I can certainly try the '00 TCU and hope it doesn't throw a CEL, but I may do (but certainly will prepare for) a slightly different approach.



I was thinking of pulling the entire transmission-related harness wiring from the body of the '00, and working that into the '97. I know that is borderline insane, with the level of effort required, but short of hunting down a tailpiece/sensor that'll work, it may be the only way.


God smiles on drunks and idiots, so here's hoping!
 
Ok folks this is my first post or reply to the site. I am thankful for the information. I will share some information that may be beneficial. You can think whatever you want about what I’ve done, but it was purely out of necessity.
I have successfully installed an 95 transmission in a 98 XJ. Following is as detailed a list of modifications as I can give.
First of all this XJ is a trail rig and is only driven to local trails or trailered to trails that are further.
The trans case had the casting for the ISS but it was not machines out.
I removed the pump and the overdrive hub, packed paper towels into every orifice and any crevice where filings could migrate into.
Pay close attention to how things come apart, take pictures and if possible have an exploded view diagram.
Measuring the outside diameter of the Sensor with a micrometer, I determined that a 19/32 drill bit would get me closest, but finding one in a rural community posed a challenge, so a 37/64 drill bit acquired from the local fastenal was the best I could do in short order and it actually worked out much better. The hole for the mounting bolt was pre-drilled and tapped, but would not have been a big issue if it wasn’t.
With the hole drilled, I test fitted the sensor several times and used the drill bit to take small amounts of material out of the hole for a good fit.
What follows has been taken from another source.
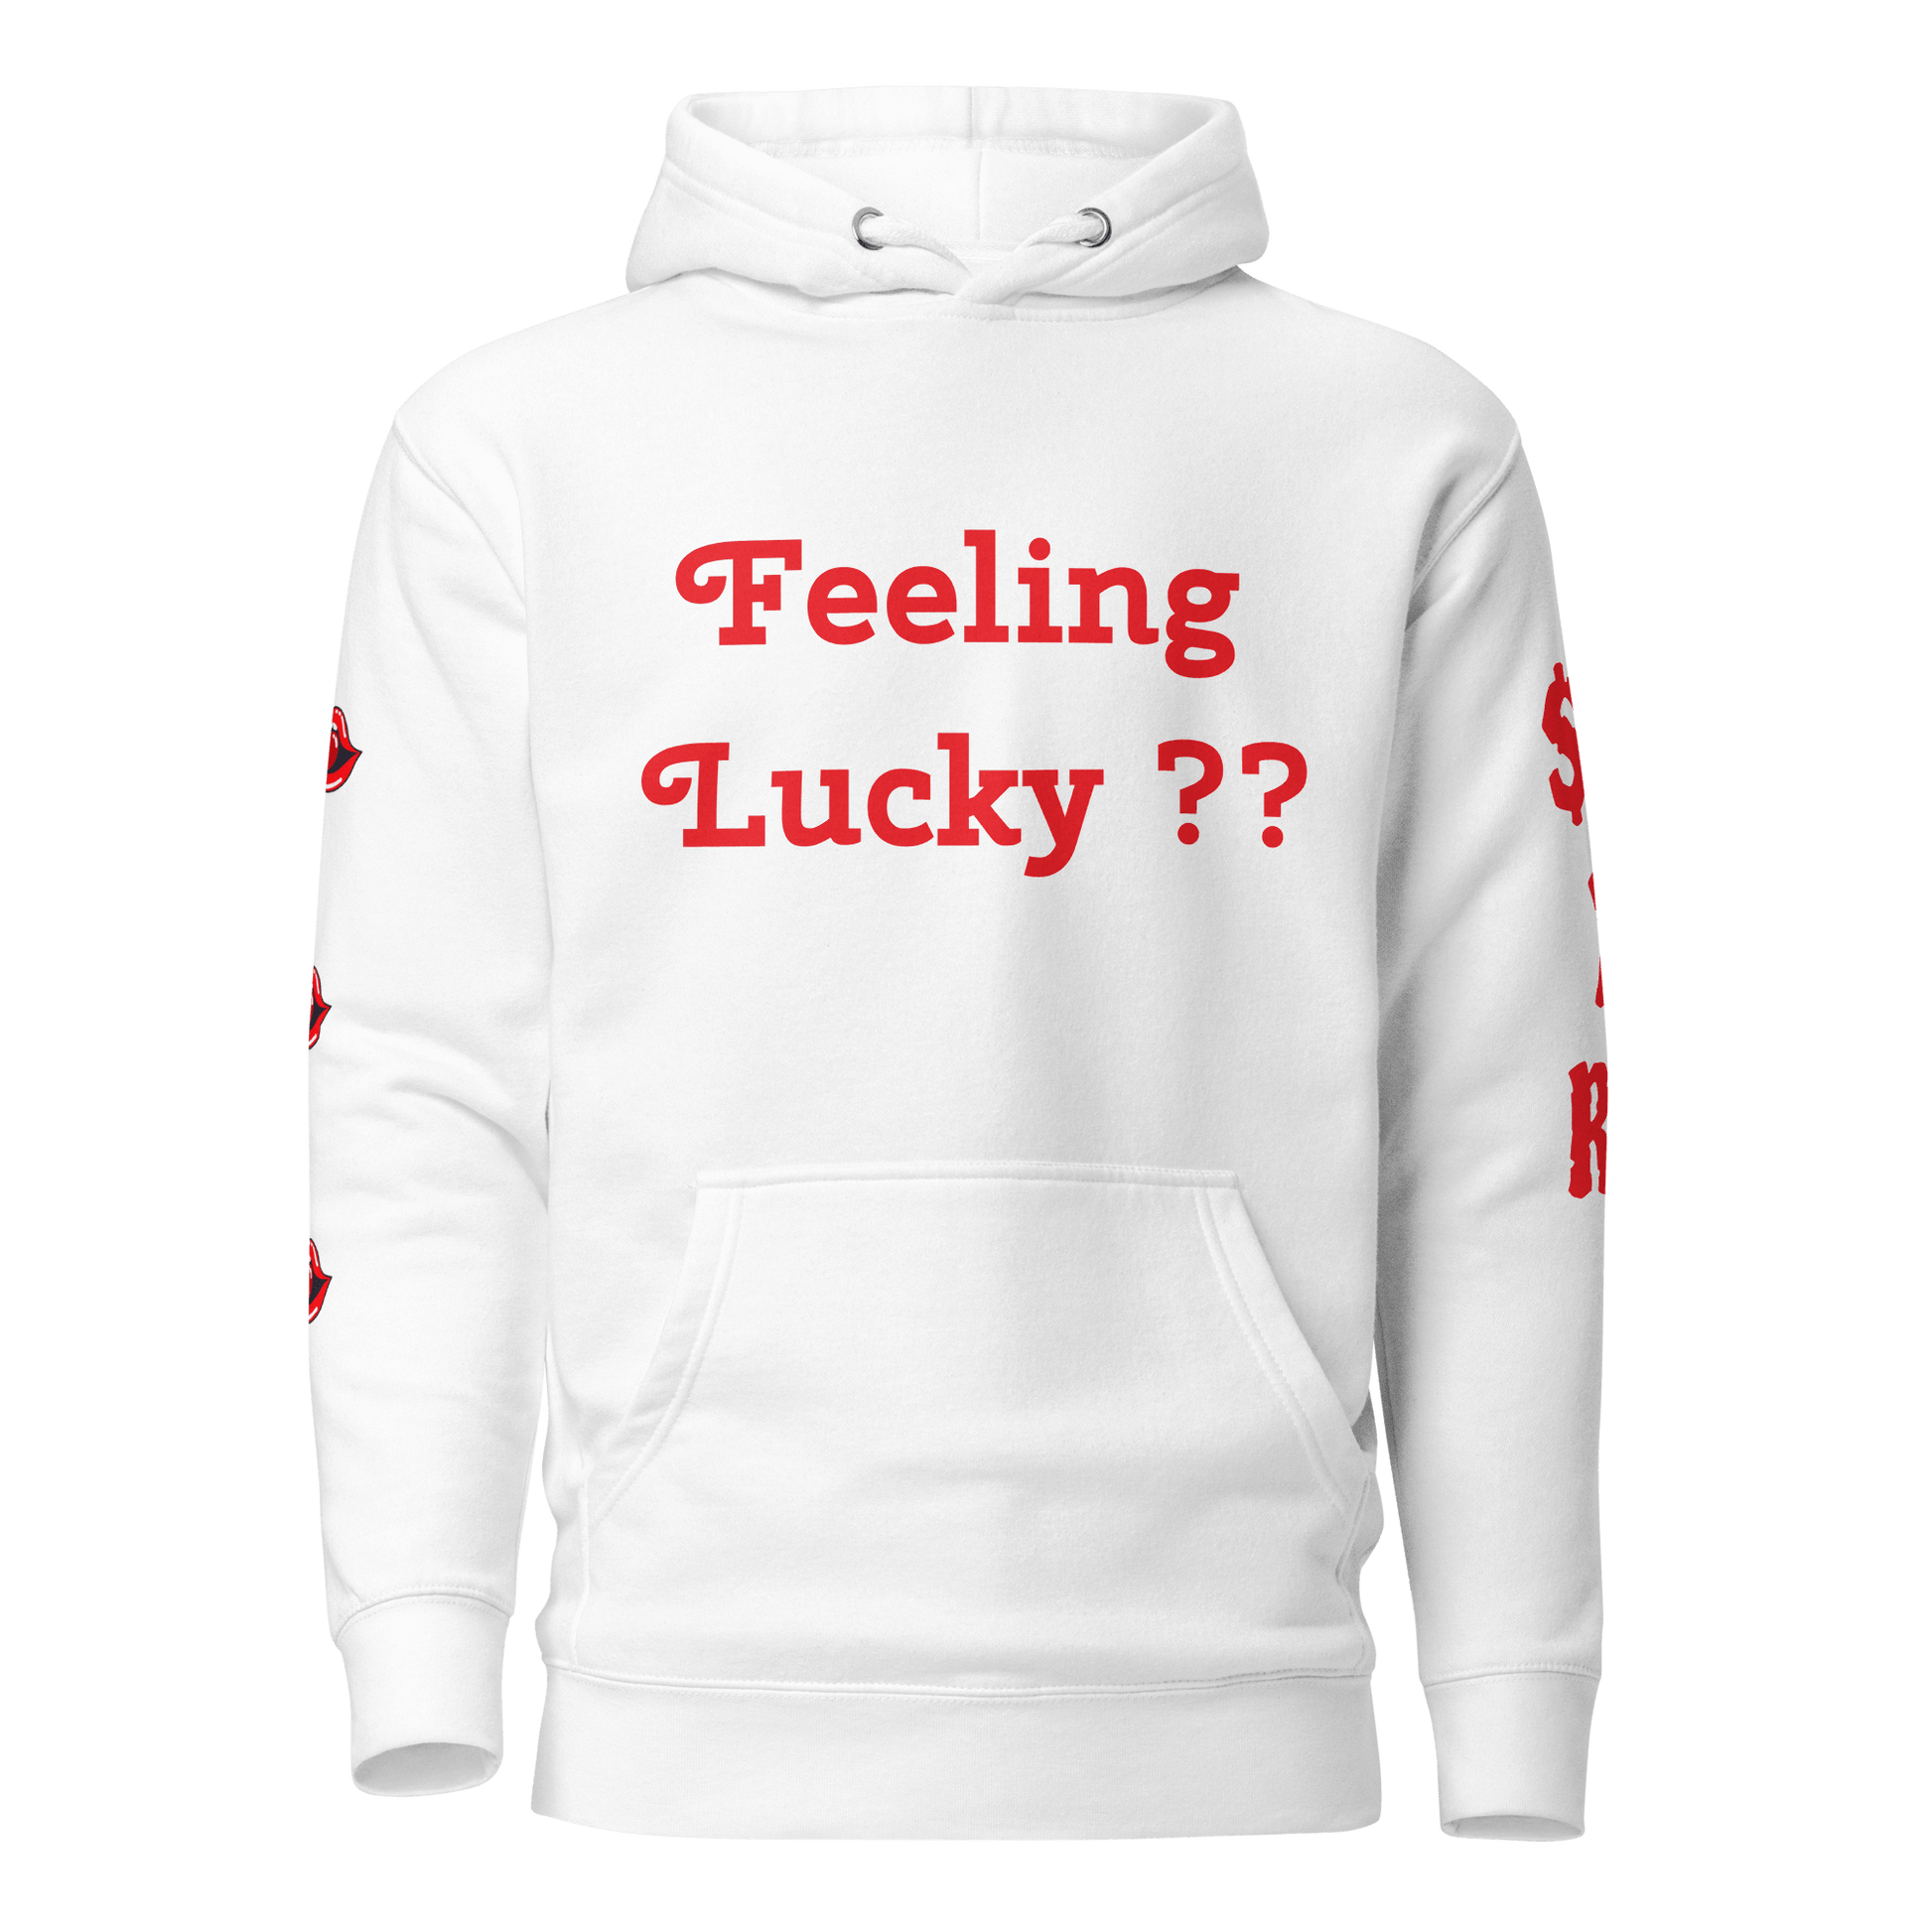 Feeling Lucky? - $ecure1

This is delicate work with a heavy tool so take your time.
The transfer case adapter is different, so you have to swap those out for the newer style OSS.
Also the newer style counts 4 pulses per revolution the old style only counts 2, so the piece that slips into the output shaft has to be changed. This presented a different issue as the new one is wider than the old one, so I slipped it onto the output shaft and , marked the shaft to show where the snap ring needed to sit.
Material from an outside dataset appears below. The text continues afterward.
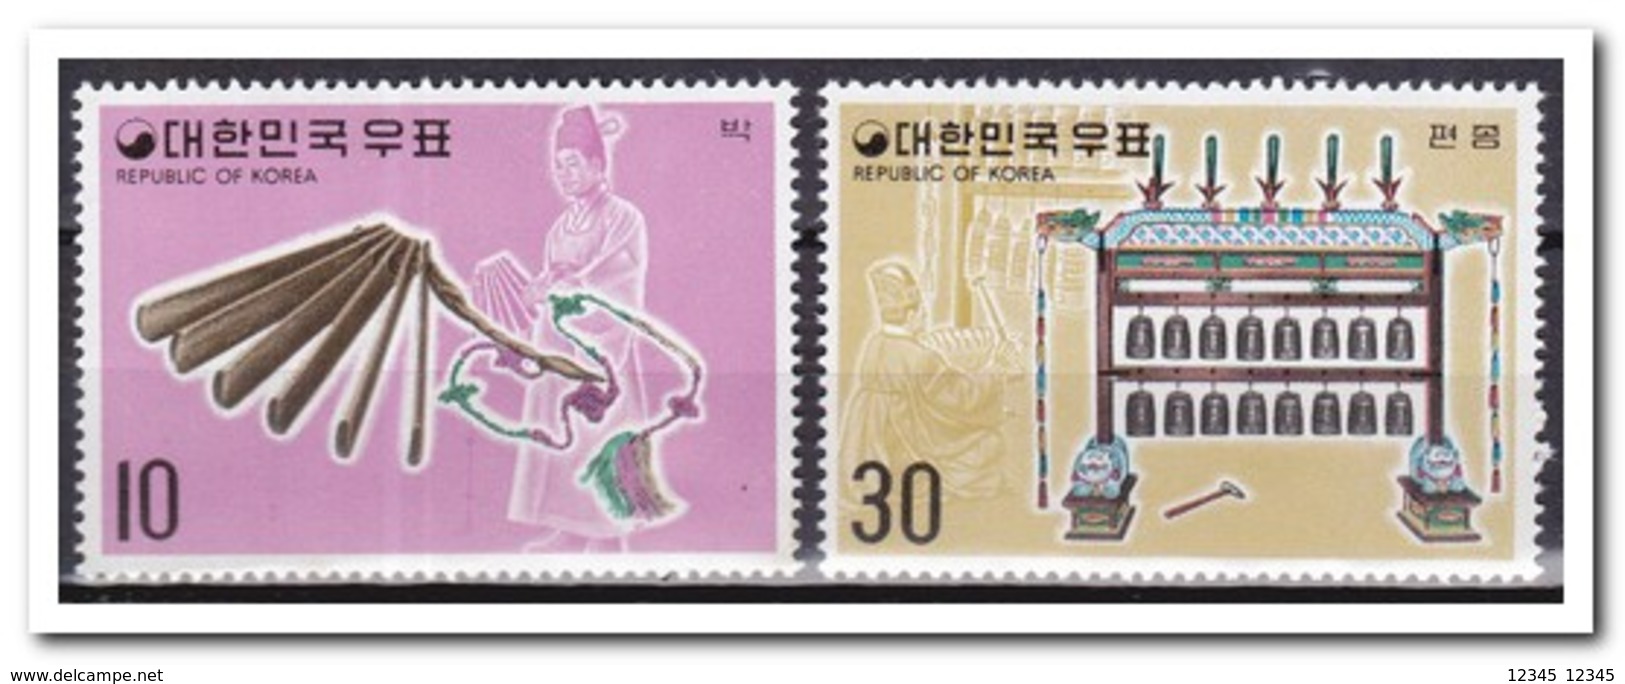 Zuid Korea 1974, Postfris MNH, Music Instruments - Corea Del Sur

Again using paper towels to seal off any opening, I used a 4-1/2 angle grinder with a thin cutoff wheel and created the recess for the snap ring.
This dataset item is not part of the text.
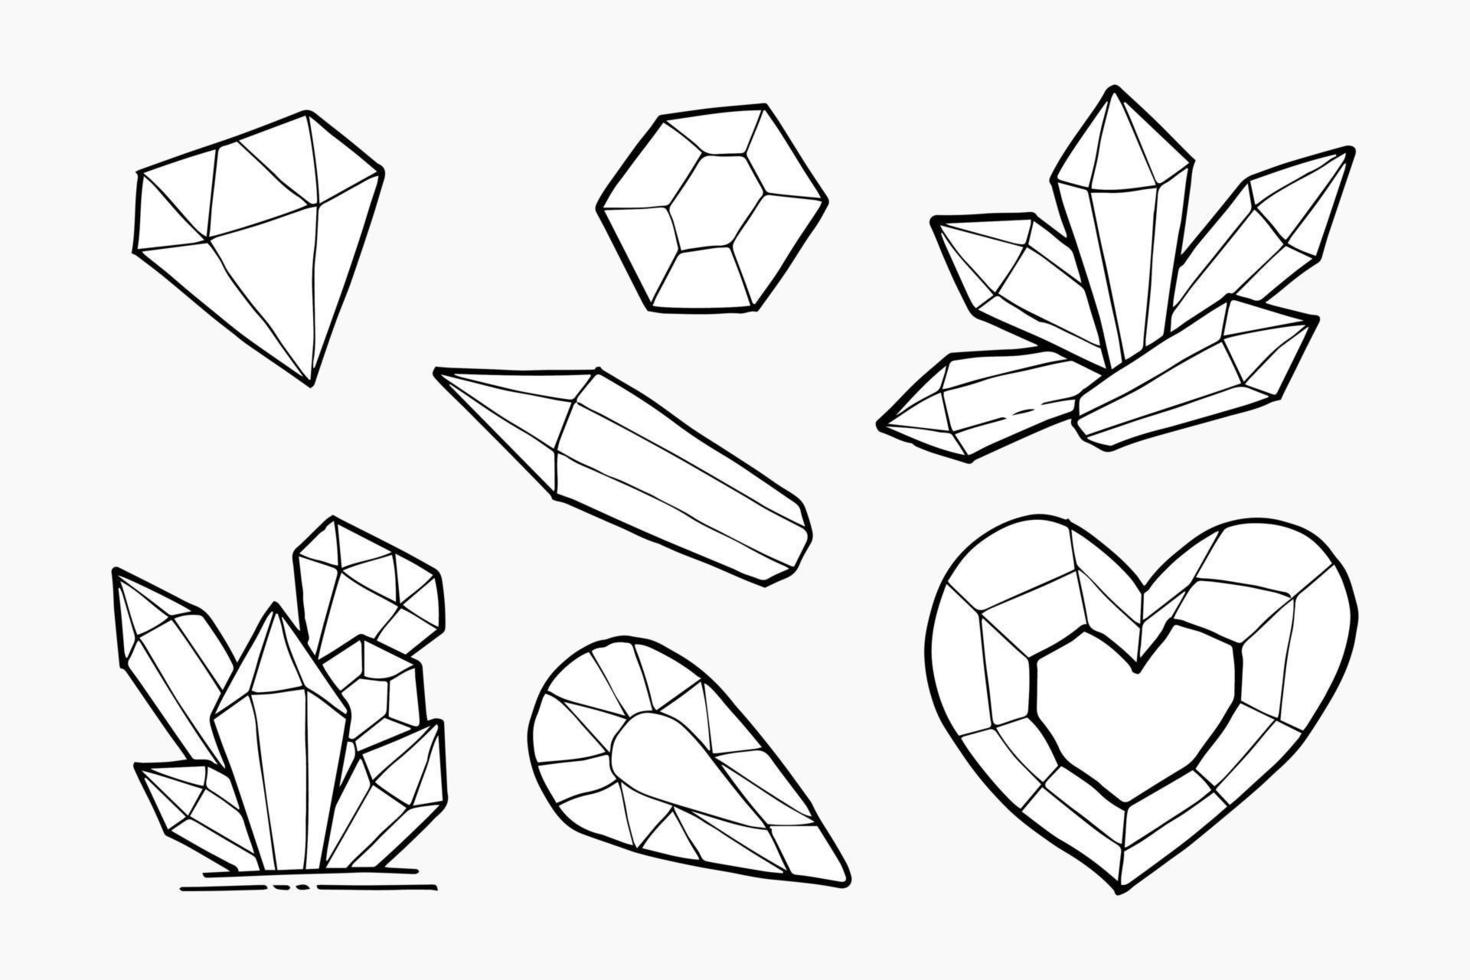 doodle mão desenhar conjunto de diamantes, ilustração vetorial. vetor

Installed the 4 pronged counter with the key and installed the snap ring, used carburetor cleaner and compressed air to clean the shaft and housing, re-installed the transfer case adapter, installed the wiring harness from the 98 transmission, installed a new filter, gasket and installed the transmission into the 98 XJ, filled it with fluid and test drive it. The Transmission works flawlessly.
Now before anyone starts hating on the way this was done let me say, if you have never been in a position that you had to have something done and ready to roll by morning, you will never need this type of information. I am a heavy industrial mechanic by trade and I understand the dangers of scoouring a hardened shaft. As for drilling the bing for the ISS, thaw sensor does not leak and I would challenge anyone to show me the detriment of doing this modification.
So in short, can it be done? YES
Should it be done? I would say that depends upon your circumstances.
I greatly appreciate the information provided on this thread and I hope this has been a help to someone else.
 
The old style OSS rotor actually only counts one per revolution - if you look at the back of the rotor you'll see only one lobe has a magnet, the other is there for balancing. Good catch on the difference in thickness and different snapring slot, I had forgotten that detail.

I would certainly agree with your assessment of whether it can/should be done - it's not something I recommend to most people, but if you are up against the wall and on a strict timeline, you play the hand you're dealt, not the one you wish you had. Well done, that's not a set of modifications I'd wish on anyone working under those conditions!
 
Why not swap everything from the 2000 over to the 1997? It should all bolt in just take a lot of pictures and or videos when disassembling. While your at it you use dielectric on everything.
 
You can also replace things like heater core and ac condenser.